我盯着老太太,脑子嗡嗡响。
“你说什么?”我嗓子发紧,“你再说一遍。”
“你娘是我杀的。”她声音很平静,像在说今天天气不错,“我让人在她的药里下了东西。”
“为什么?”我攥紧拳头,“她不是你最信任的人吗?她不是你的暗棋吗?”
“是啊。”老太太叹了口气,“可她知道了不该知道的事。”
“什么事?”
“军饷。”她说,“你娘查到了军饷案的真相。”
“什么真相?”
“那批军饷,”老太太看着我,“是被侯府的人私吞了。”
“谁?”
“我。”
我愣住了。
“你?”
“对。”她说,“我让人挪用了那批军饷,用来填补侯府的亏空。”
“那顾衍的父亲——”
“他是替罪羊。”老太太说,“我知道是他押送军饷,故意让他背锅。”
“你害死了他?”
“是。”
“那你为什么还要杀我娘?”我说,“她不是帮你办事的吗?”
“因为她心软了。”老太太说,“她查到真相后,想让我自首。”
“自首?”
“对。”老太太说,“她说她不能看着我错下去。”
“所以你就杀了她?”
“是。”
我真服了。
“那你现在告诉我这些,”我说,“是想让我也死?”
“不是。”
“那你为什么?”
“因为,”老太太说,“我想让你恨我。”
“恨你?”
“对。”她说,“恨我,你就能活下去。”
“什么意思?”
“你娘临死前给我留了一封信。”老太太说,“她说,让我好好照顾你。”
“那你——”
“可我做不到。”她说,“我每次看到你,都想起她。”
“所以你就想让我恨你?”
“对。”她说,“恨我,你就不会心软。”
“心软什么?”
“心软放过我。”老太太说,“我老了,活不了几年了。可你还有大半辈子。”
“你想让我报仇?”
“对。”她说,“这样你就能活下去。”
你逗我呢?
“那顾衍呢?”我说,“他知道这些吗?”
“不知道。”老太太说,“他只知道他爹是被冤枉的,但不知道是我做的。
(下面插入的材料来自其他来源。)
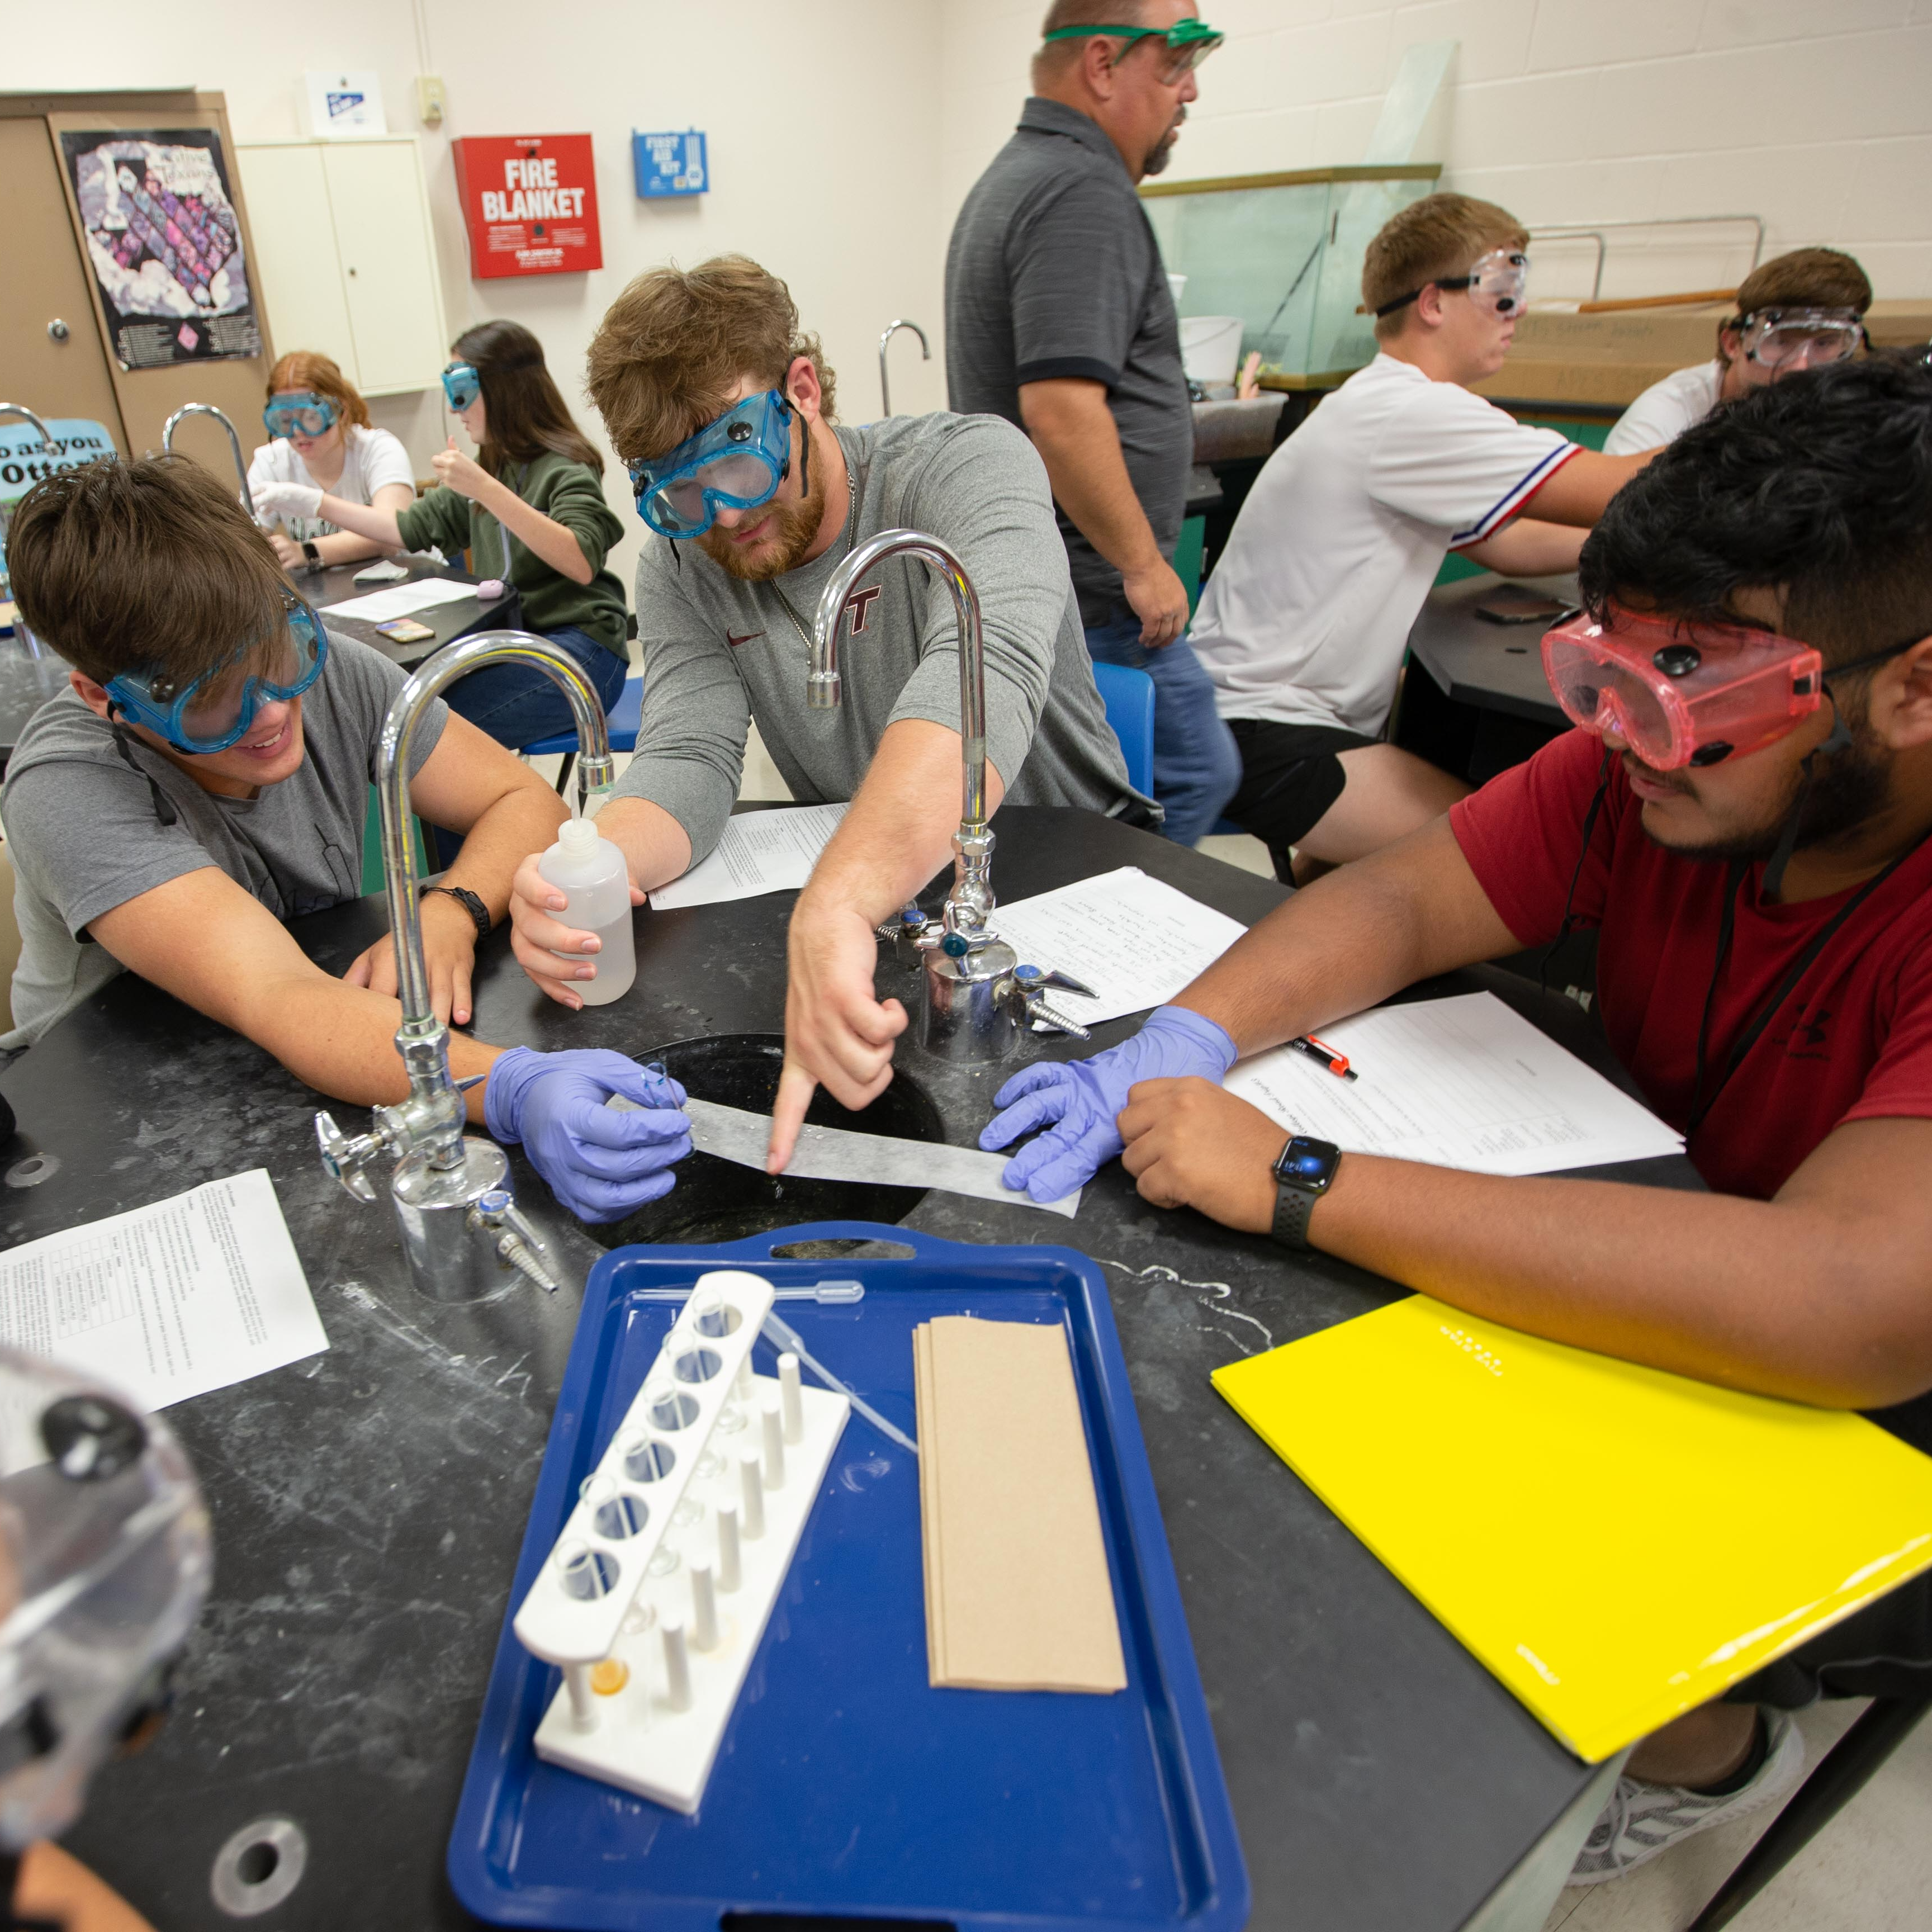 3 high school boys working  in science lab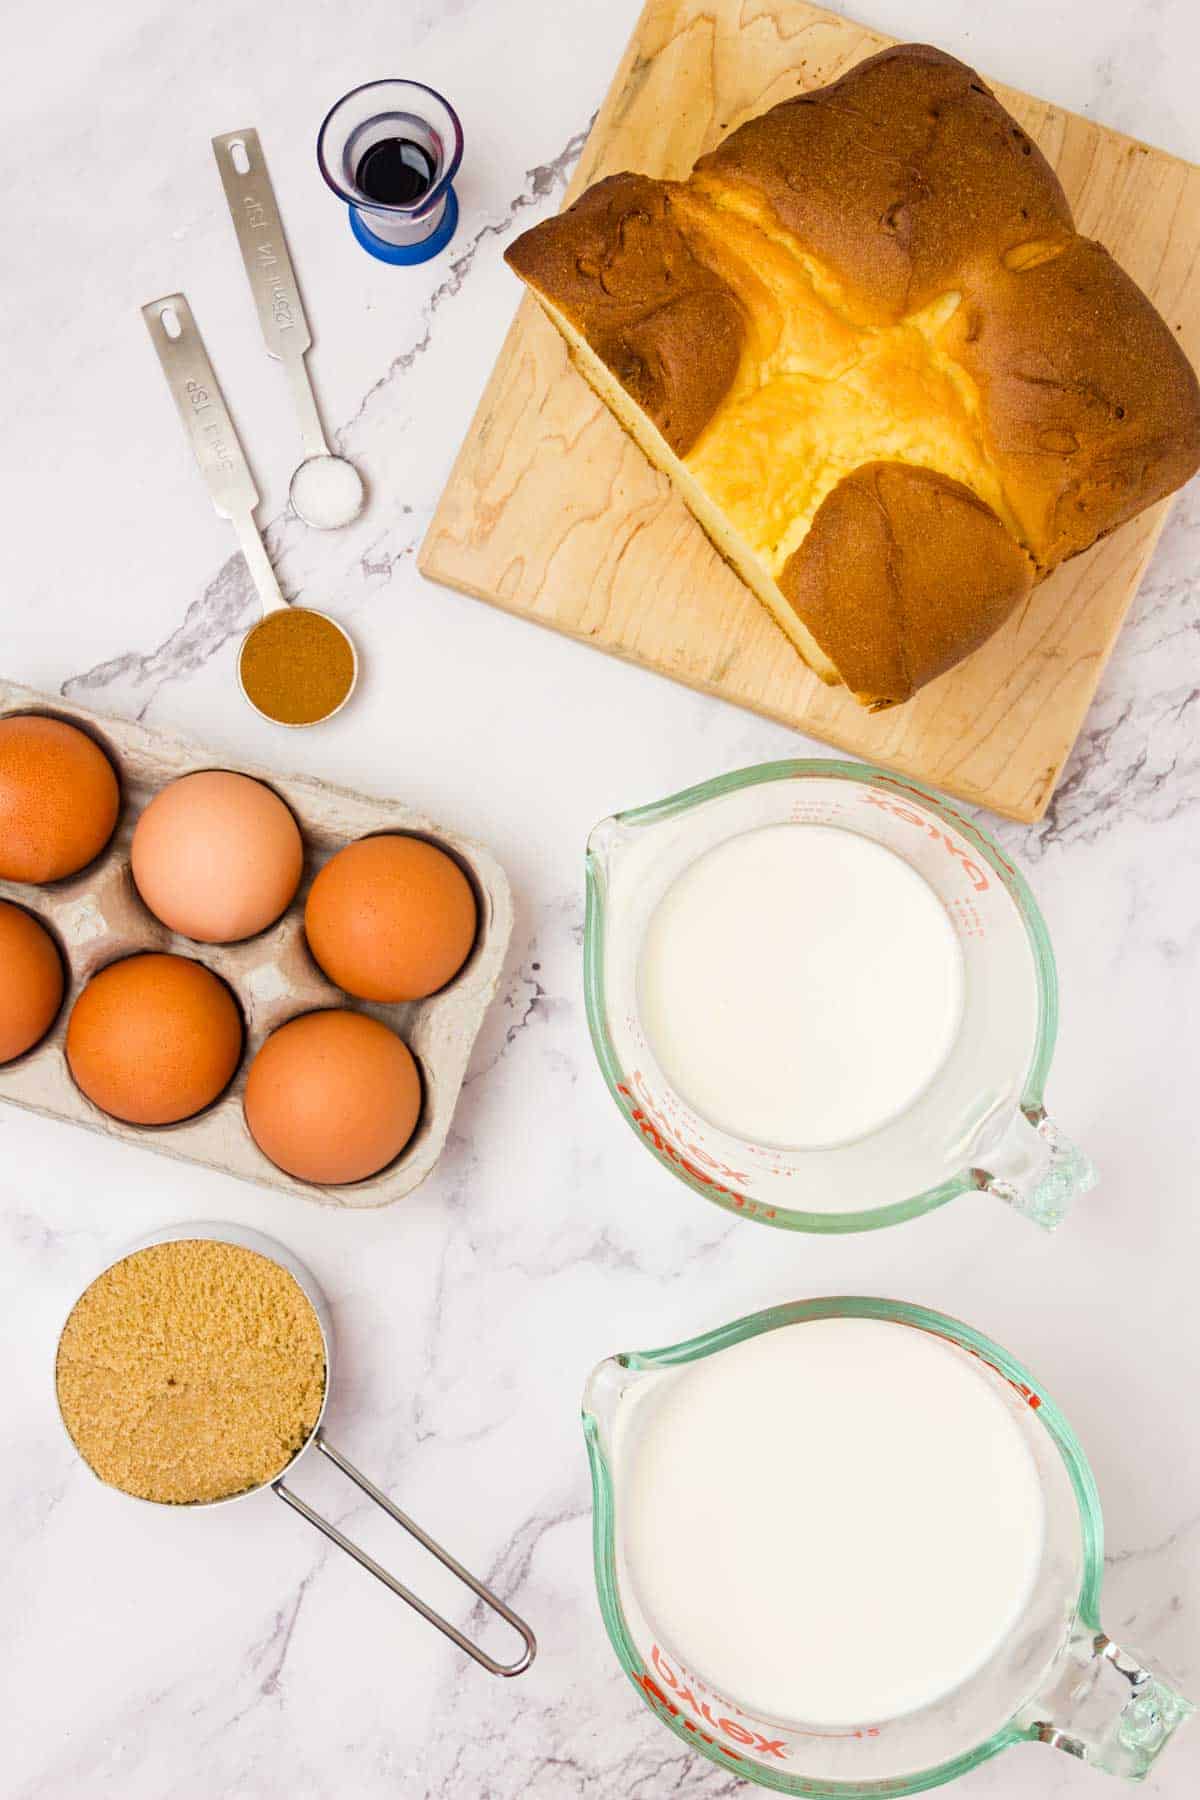 The ingredients for French toast casserole are shown: eggs, bread, milk, cream, brown sugar, cinnamon.

”
“那你为什么不告诉他?”
“因为,”她说,“我想留着你。”
“留着我?”
“对。”她说,“留着你,让他恨我。”
“恨你?”
“对。”她说,“这样他就不会杀你。”
我脑子里一片混乱。
“所以,”我说,“你一直在保护我?”
“算是吧。”老太太说,“虽然我杀了你娘。”
“那你现在告诉我这些,”我说,“是因为你终于舍得让我报仇了?”
“不是。”她说,“是因为我快死了。”
“什么?”
“我得了病。”她说,“大夫说,我活不过三个月。”
我愣住了。
“所以,”她说,“我想在死之前,把真相告诉你。”
“为什么?”
“因为,”她说,“我不想带着秘密进棺材。”
“那你就不怕我杀了你?”
“怕。”她说,“可我怕你活不下去。”
我看着她,突然不知道该说什么。
“你走吧。”老太太说,“记住,你娘是我杀的。”
“然后呢?”
“然后,”她说,“好好活着。”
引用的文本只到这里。